- _What is being asked_
Give back every line of the material below exactly, but no images.

START Data

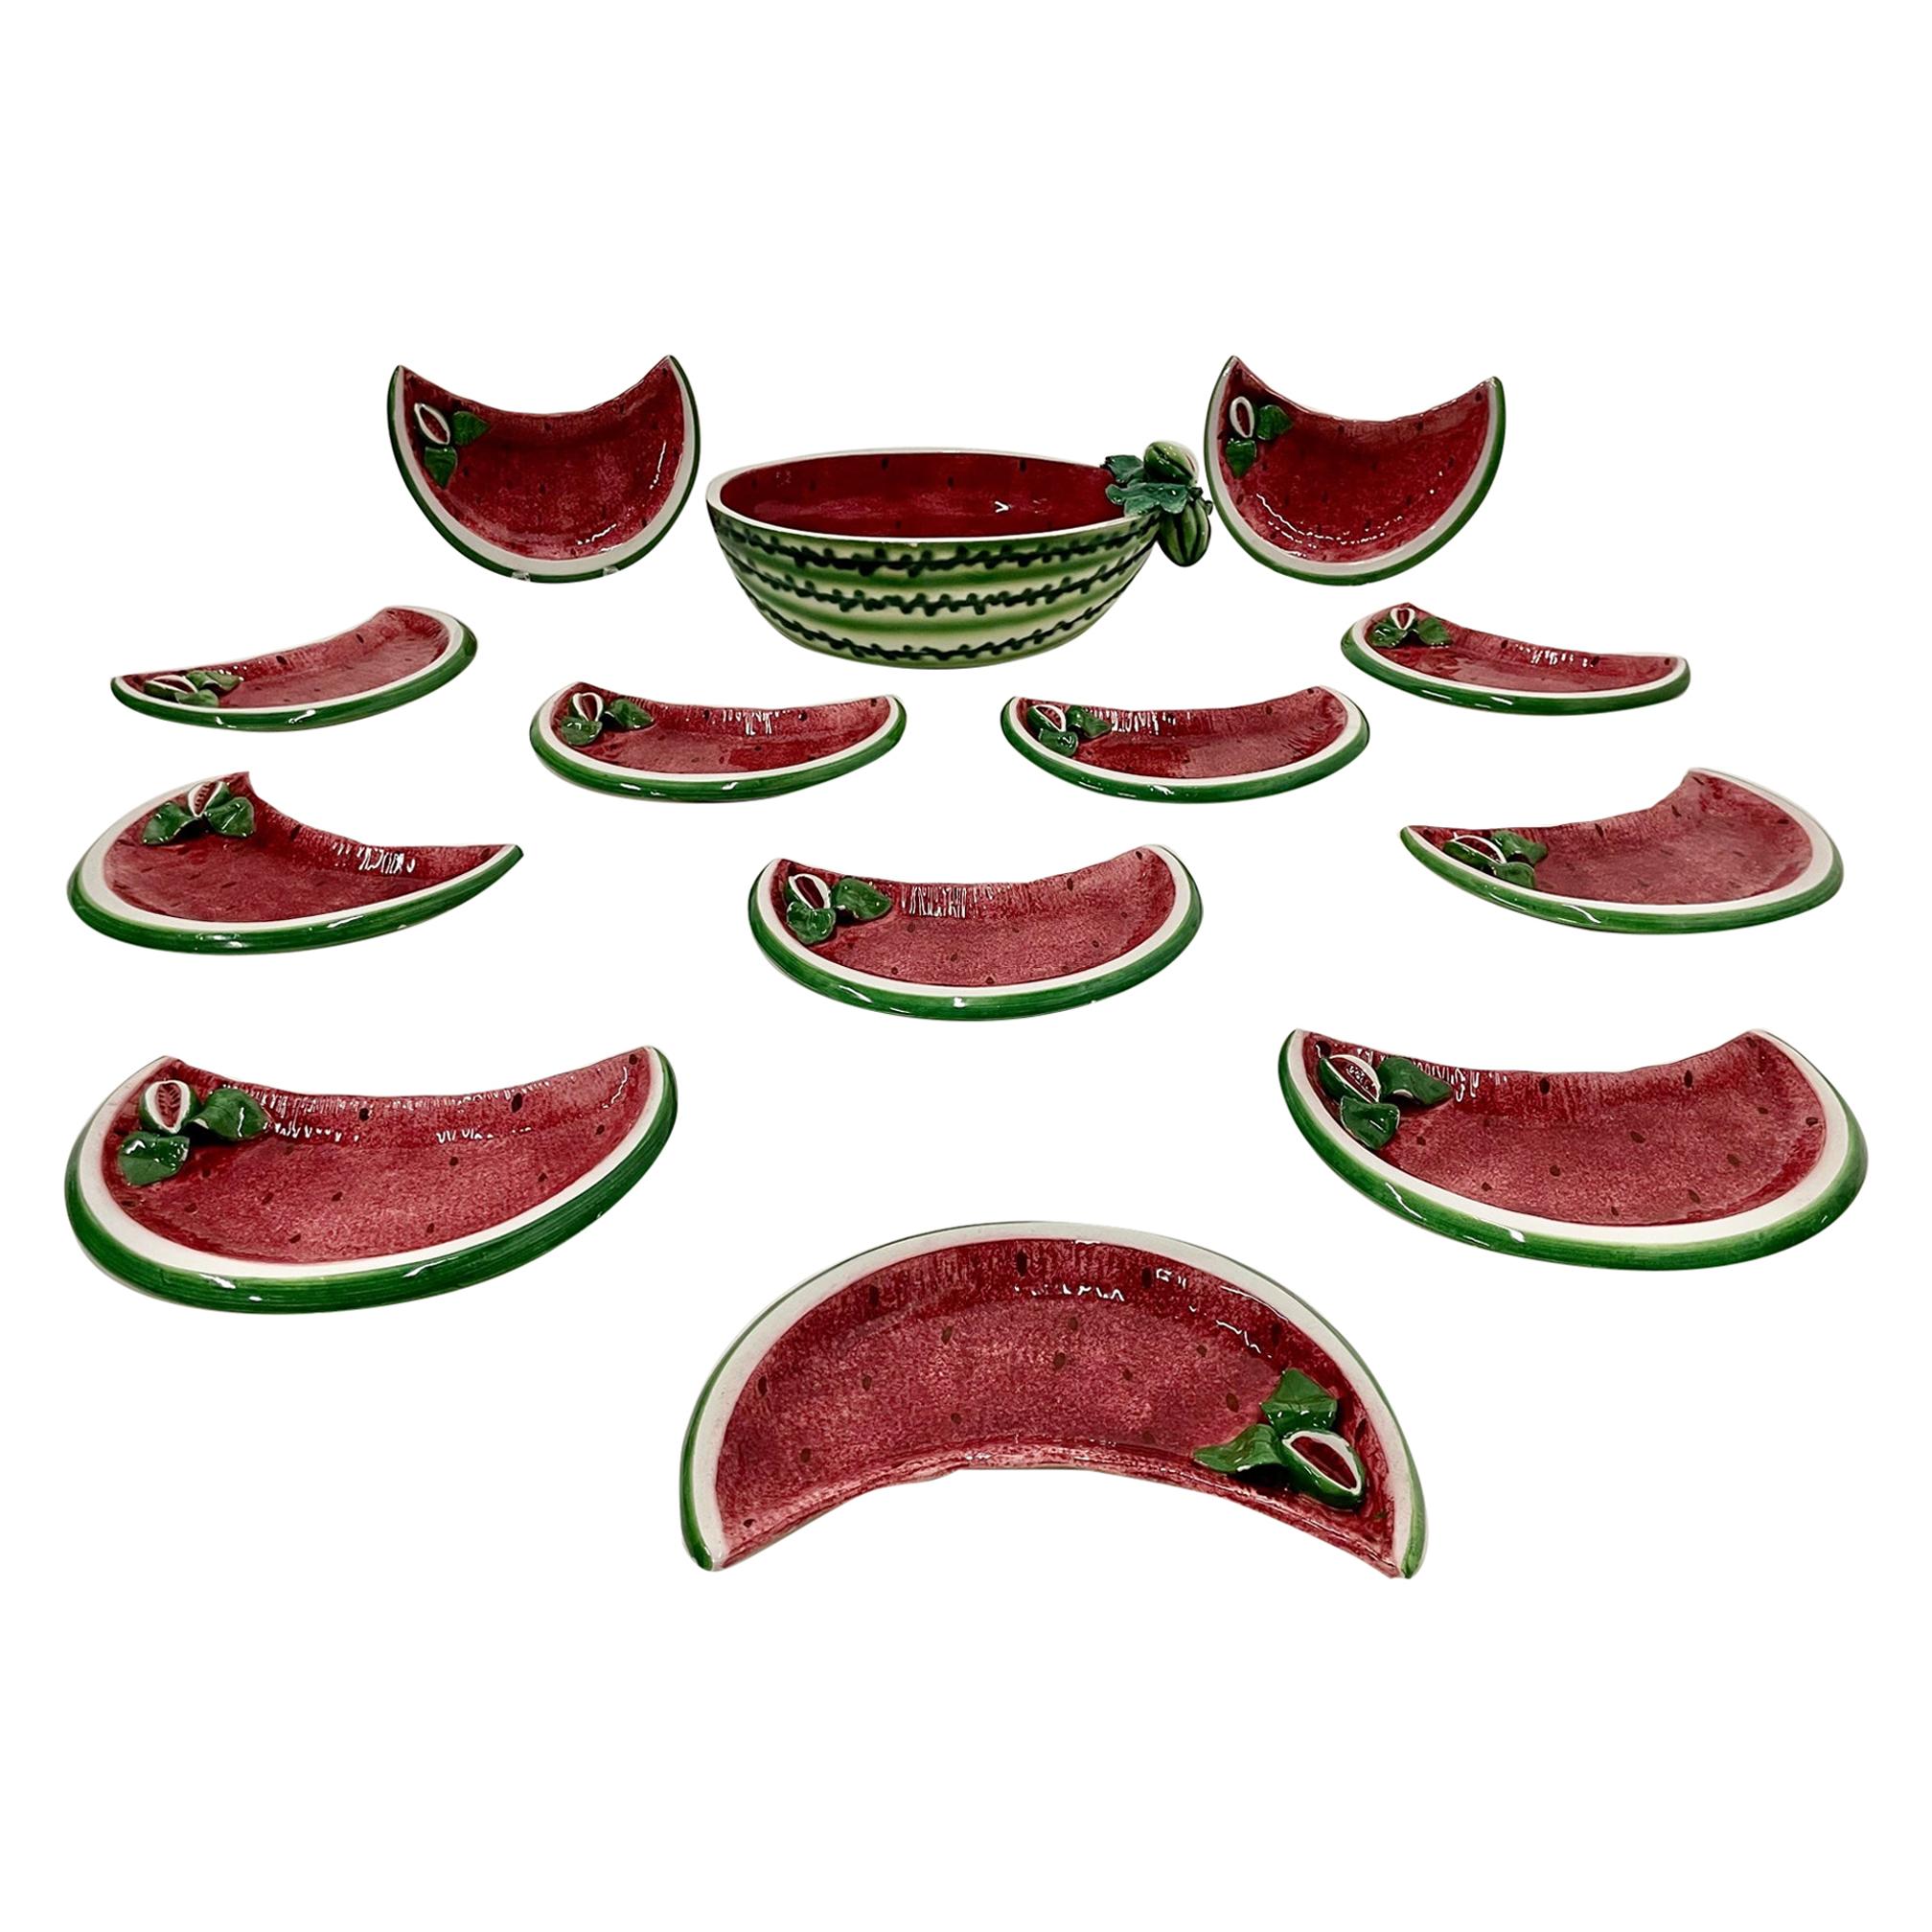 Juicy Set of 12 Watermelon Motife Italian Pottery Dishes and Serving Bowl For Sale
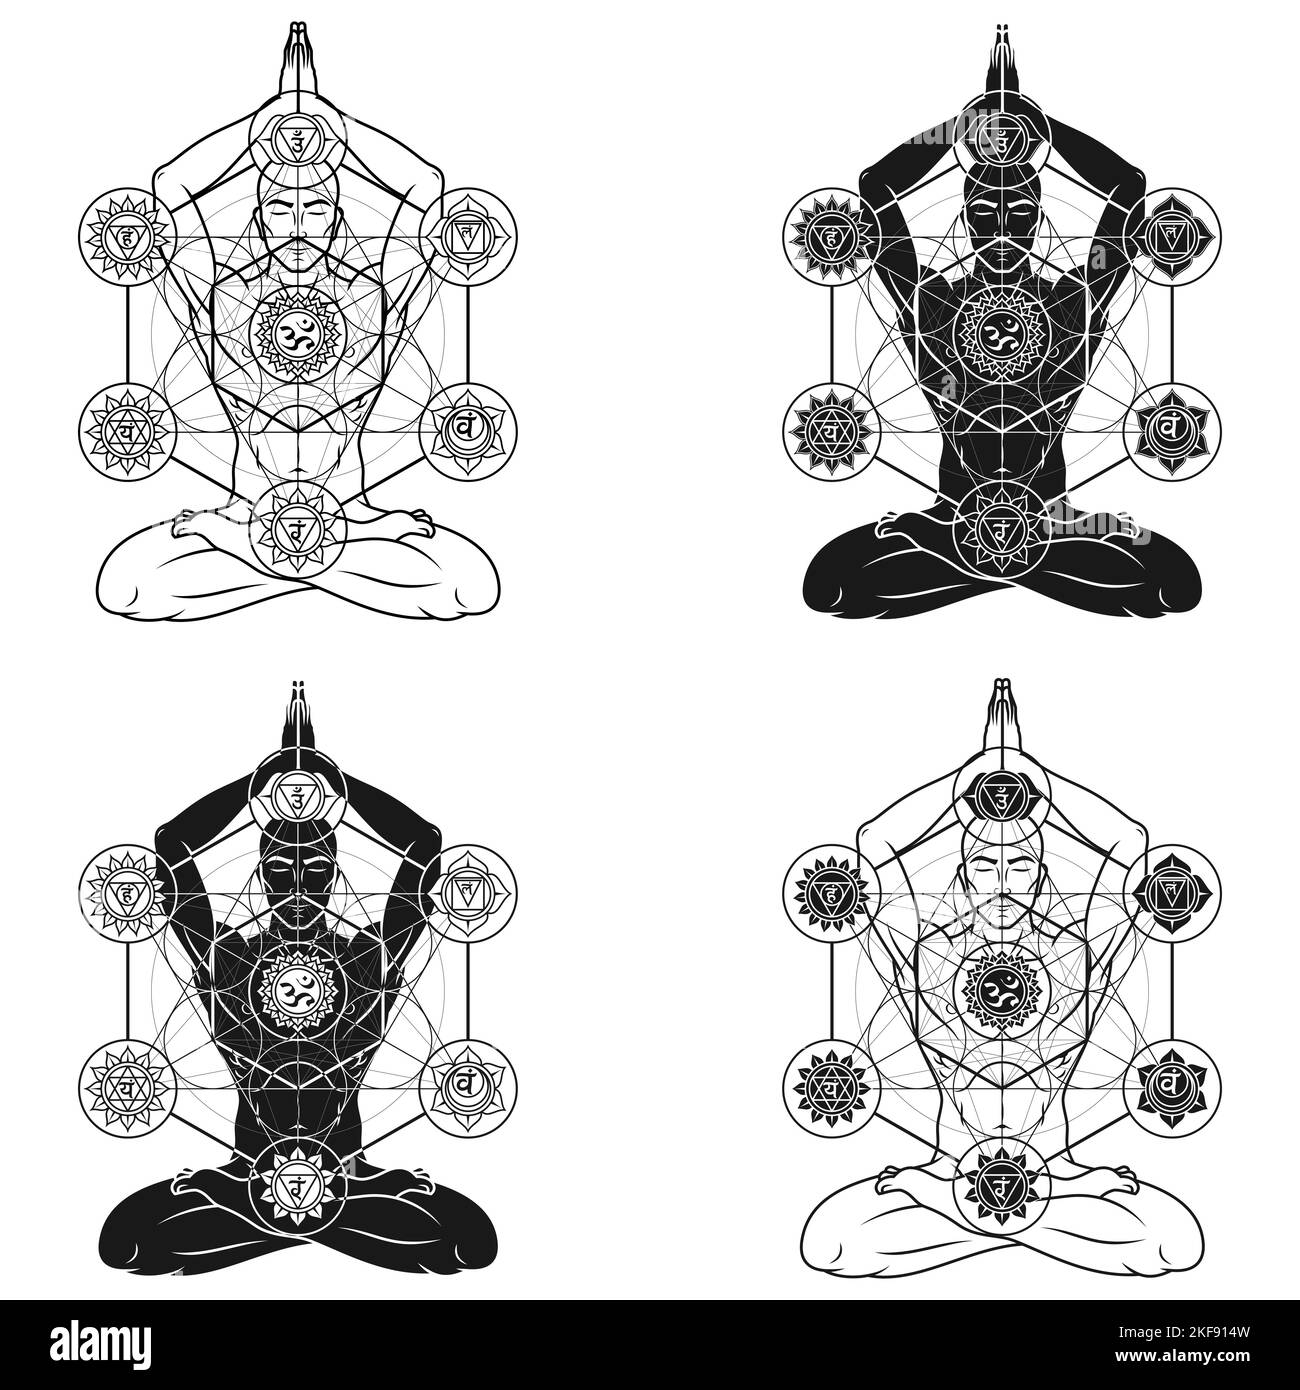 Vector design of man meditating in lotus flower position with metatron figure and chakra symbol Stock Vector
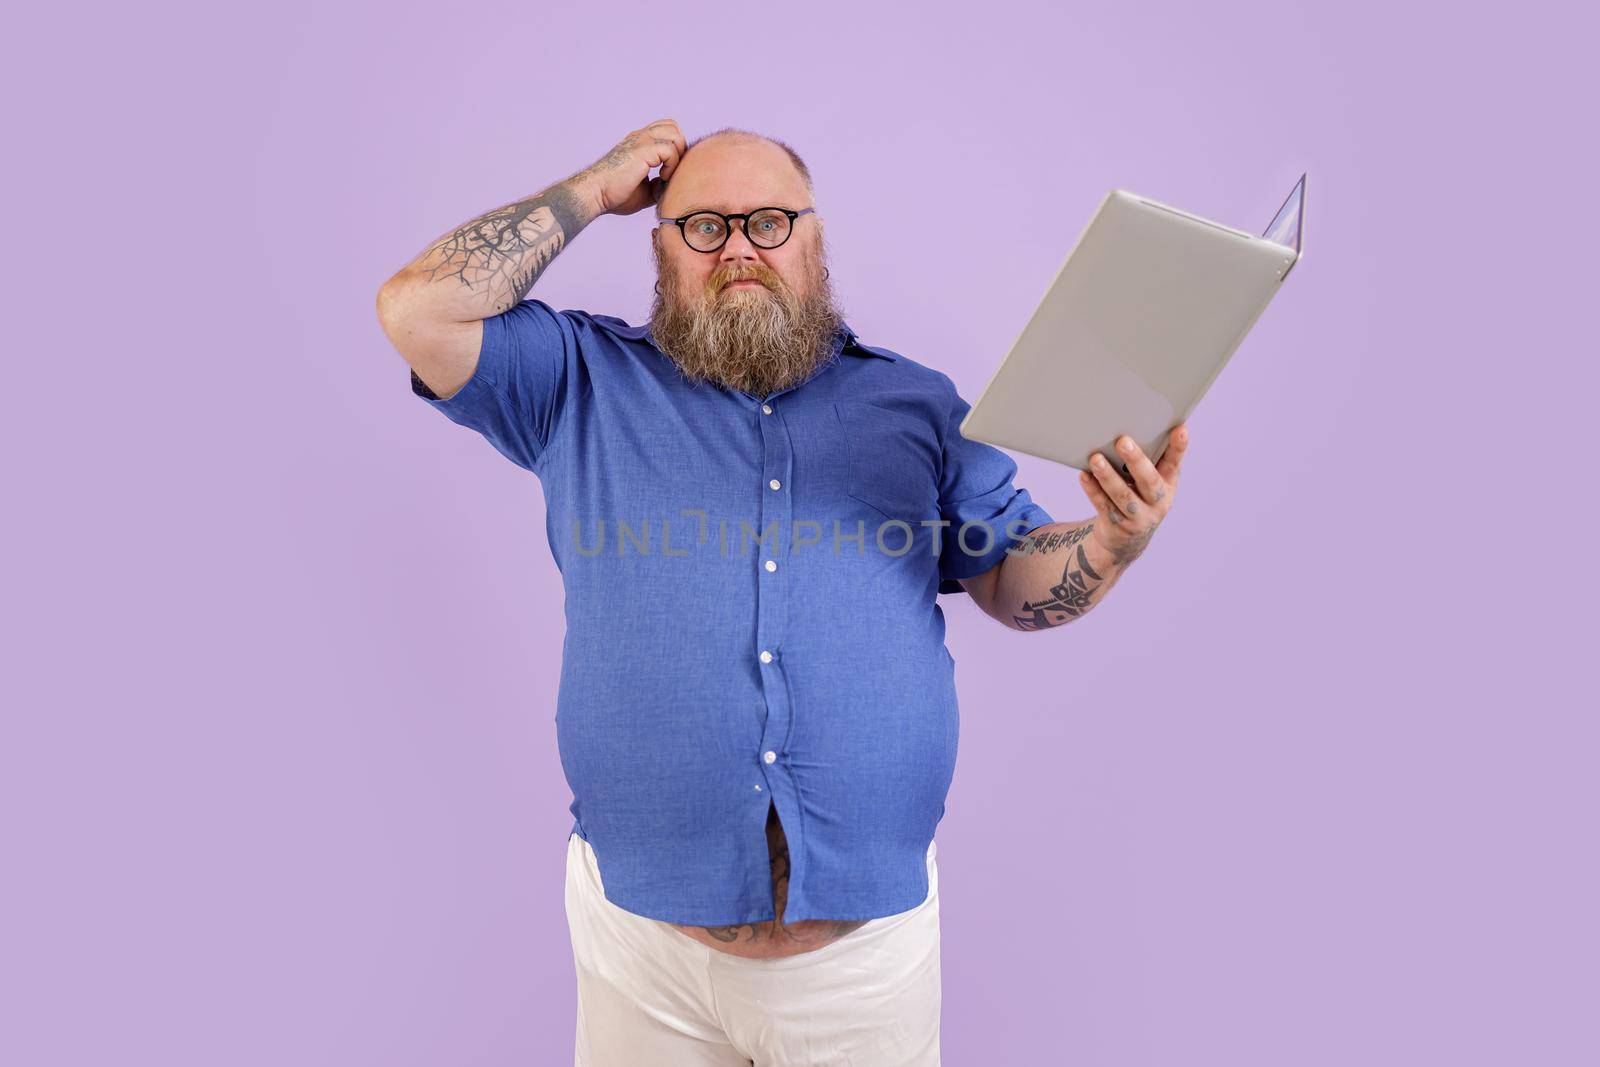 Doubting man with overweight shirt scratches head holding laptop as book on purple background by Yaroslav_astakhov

END Data

- _Answer for the task_
 Juicy Set of 12 Watermelon Motife Italian Pottery Dishes and Serving Bowl For Sale
 Vector design of man meditating in lotus flower position with metatron figure and chakra symbol Stock Vector
 Doubting man with overweight shirt scratches head holding laptop as book on purple background by Yaroslav_astakhov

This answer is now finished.